Оттого ли, что моя душа была искривленной или неопытной, я разделил свою жизнь с преступником? Поступил ли я так, следуя неотчетливому тоскованию, врожденному или приобретенному? Не запятнало ли меня еще больше то, что серому человеку я все простил: и недоразумения, которые возникли из-за него, и неведомые грехи его желаний?
Я вновь и вновь сопоставлял рассказ Альфреда Тутайна с переживаниями, которые сам испытал в те же часы. Это был тот же временной промежуток, несомненно. И действия людей перекрещивались. Только когда кто-то один удалялся, другой отваживался выйти вперед. В этом зубчато-шестеренчатом механизме дело доходило и до столкновений, соприкосновений. И все-таки, при всей слаженности такого хаотического порядка, существовали различные реальности, которые не смешивались и были друг для друга закрыты… Похожей на жизнь звезд, разделенных миллионами световых лет, была в те дни совокупность наших одиноких существований, соединенных только законом гравитации. Но мы этого не знали. Мы разговаривали друг с другом; это нельзя назвать удачным общением. Мы не понимали, что воздух остается прозрачным только до границы узкого круга наших представлений. Мы все тогда были отделены друг от друга. И потому вокруг нас, словно завесы, падали тени.

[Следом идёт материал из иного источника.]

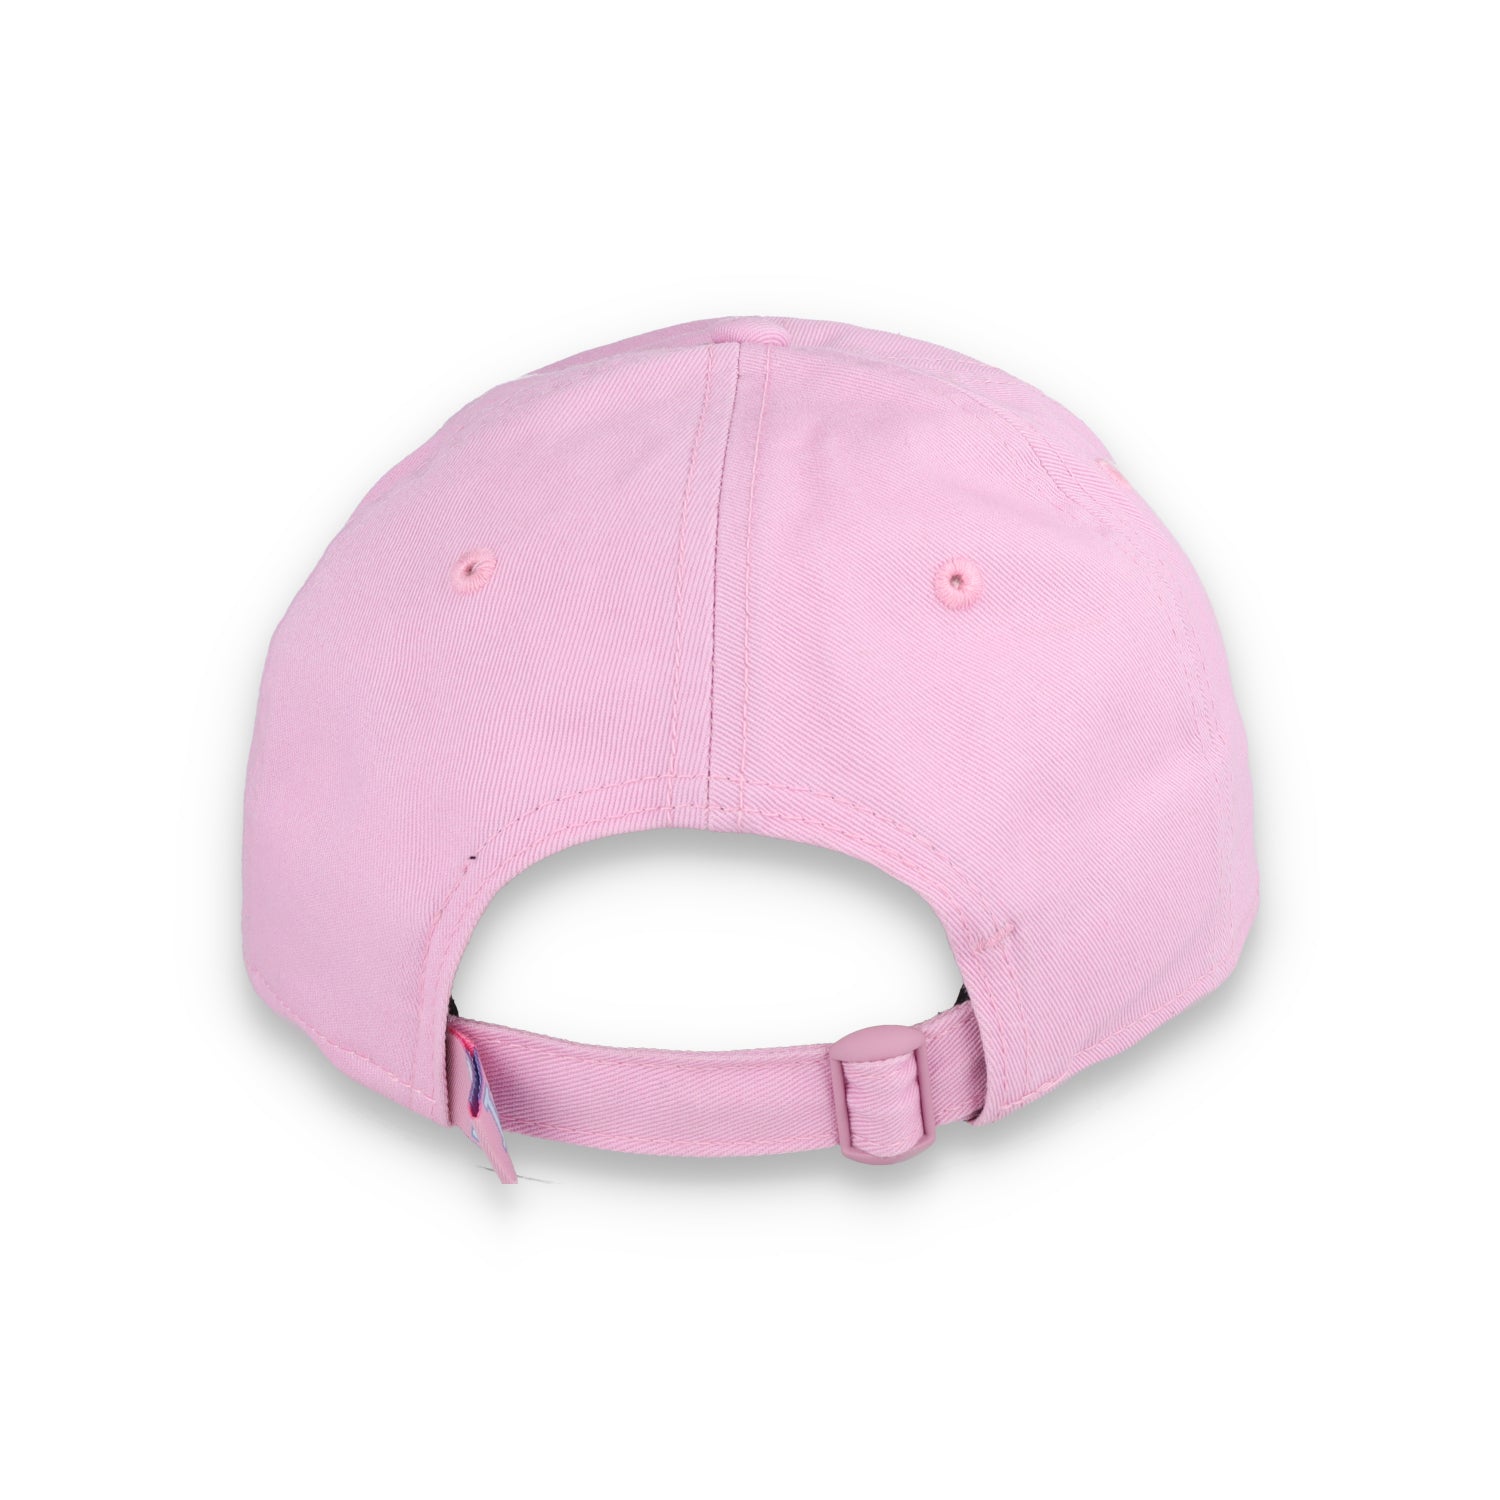 New Era Los Angeles Dodgers Color Pack 9TWENTY Adjustable Hat-Light Pink
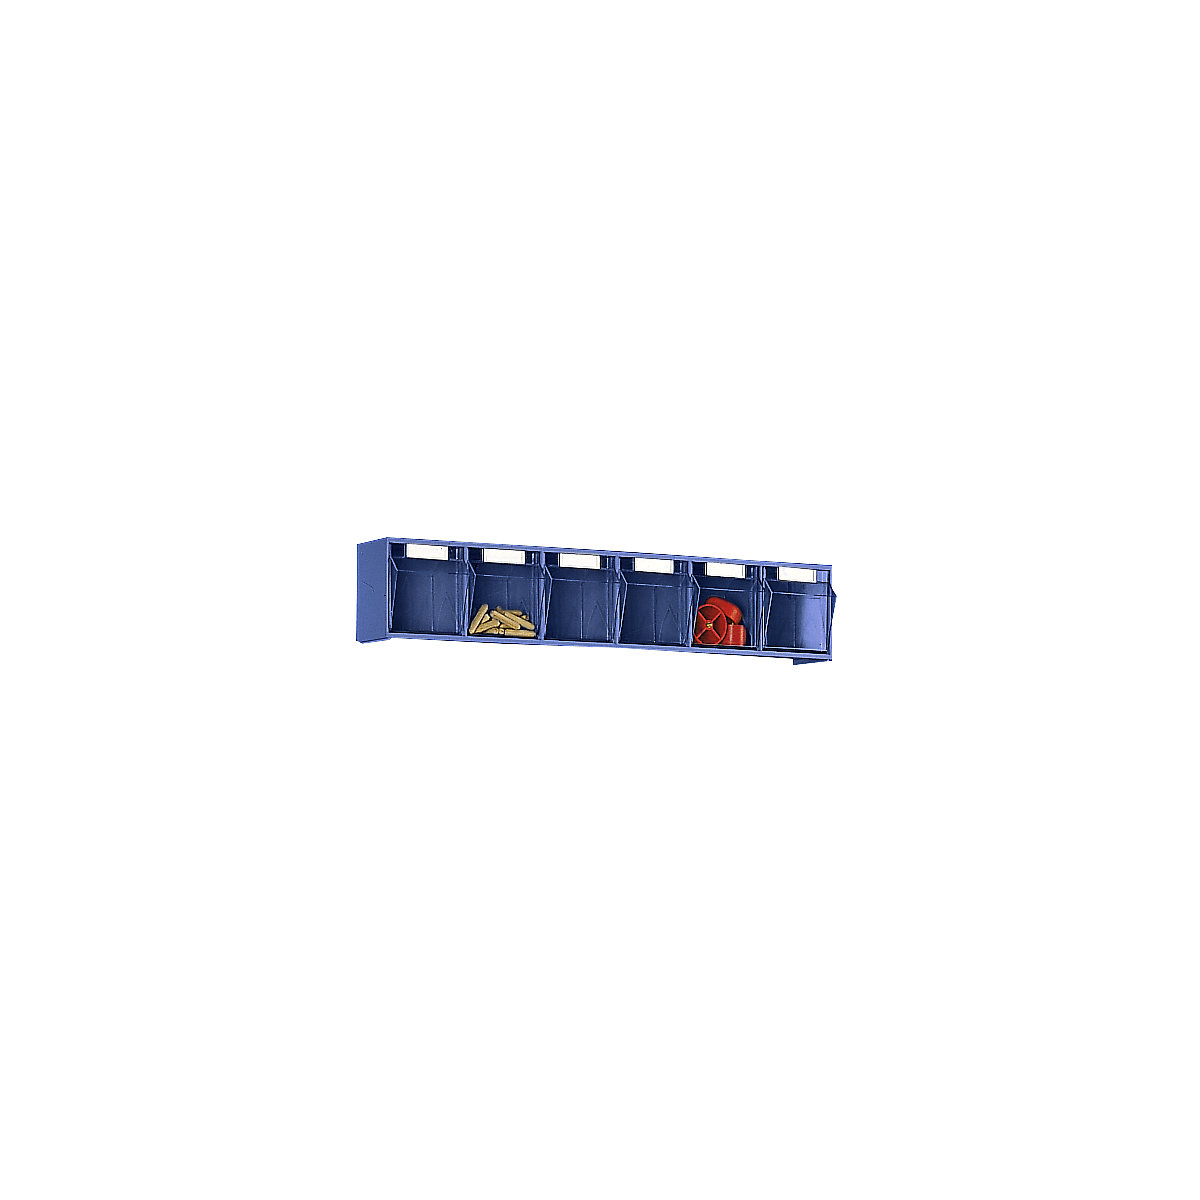 Système de bacs pivotants, casier h x l x p 113 x 600 x 91 mm, 6 bacs bleus, 10 pièces et +-6

Однако печать на двери взломала рука того, кому больше всего приспичило. — Ведь и в трактирной драке гибнет обычно не тот{49}, кто был вечным пьяницей или завсегдатаем заведения.)
Взбивающий воду пароходный винт мало-помалу вытаскивал меня из сна. Я чувствовал дрожание стен, слышал шипящий водоворот и звуки отбрасываемых лопастями струй. Так было и в прежние утра. Но в тот день я, проснувшись, остался лежать на койке и обдумывал события прошлой ночи. Мне казалось, что наша с Альфредом Тутайном дружба существует уже давно. Но одновременно я чувствовал, что мне любопытно, как выглядит мой друг. Я ведь почти не знал его лица. А если и знал, то забыл. (Отчетливее я представлял себе соски у него на груди: что они маленькие, обведенные кружочками, темные. Волосков, которые могли бы их затенять, не было… Орла, вытатуированного на спине у матроса, я тоже еще внимательно не рассматривал{50}. А о маленькой обнаженной женщине — татуировке у него на предплечье — только слышал.) Те же его черты, которые отложились у меня в памяти, наверняка этой ночью изменились. Я нисколько не сомневался, что облик Альфреда Тутайна должен был измениться. Я поэтому и не пытался его представить. И ожидал за такое поведение какой-то награды. — А может, еще надеялся на неожиданность, которая освободит меня от сообщничества с ним? — Мне трудно точно истолковать свои тогдашние побуждения в первые минуты после того, как я проснулся. Я бы, может, и хотел написать: я чувствовал себя посаженным на цепь. Но как мало это неуверенное утверждение соответствовало бы действительности! Чем больше усилий я прилагаю, тем меньше мне удается проследить происхождение позднейших тягостных мыслей до их первого ростка. Мне кажется, это невозможно: моя душа не настолько лжива, чтобы уже тогда ненавистное ощущение зависимости — следствие пережитых потрясений — подтачивало мое желание хранить верность Альфреду Тутайну. Может, я себя чувствовал ослабленным. Как после болезни. (Год спустя я бы мог подумать: как после исступления.) В любом случае, думал я, я прикован к переживаниям одной ночи. Так уж получилось… Я сам был инициатором этой дружбы, но даже не знаю, как выглядит мой друг…. Помню, разве что, его грудь. Я очень точно знаю, каким образом он убил мою любимую, но при этом забыл, как он выглядит. Не исключено, что я его даже не узн'aю…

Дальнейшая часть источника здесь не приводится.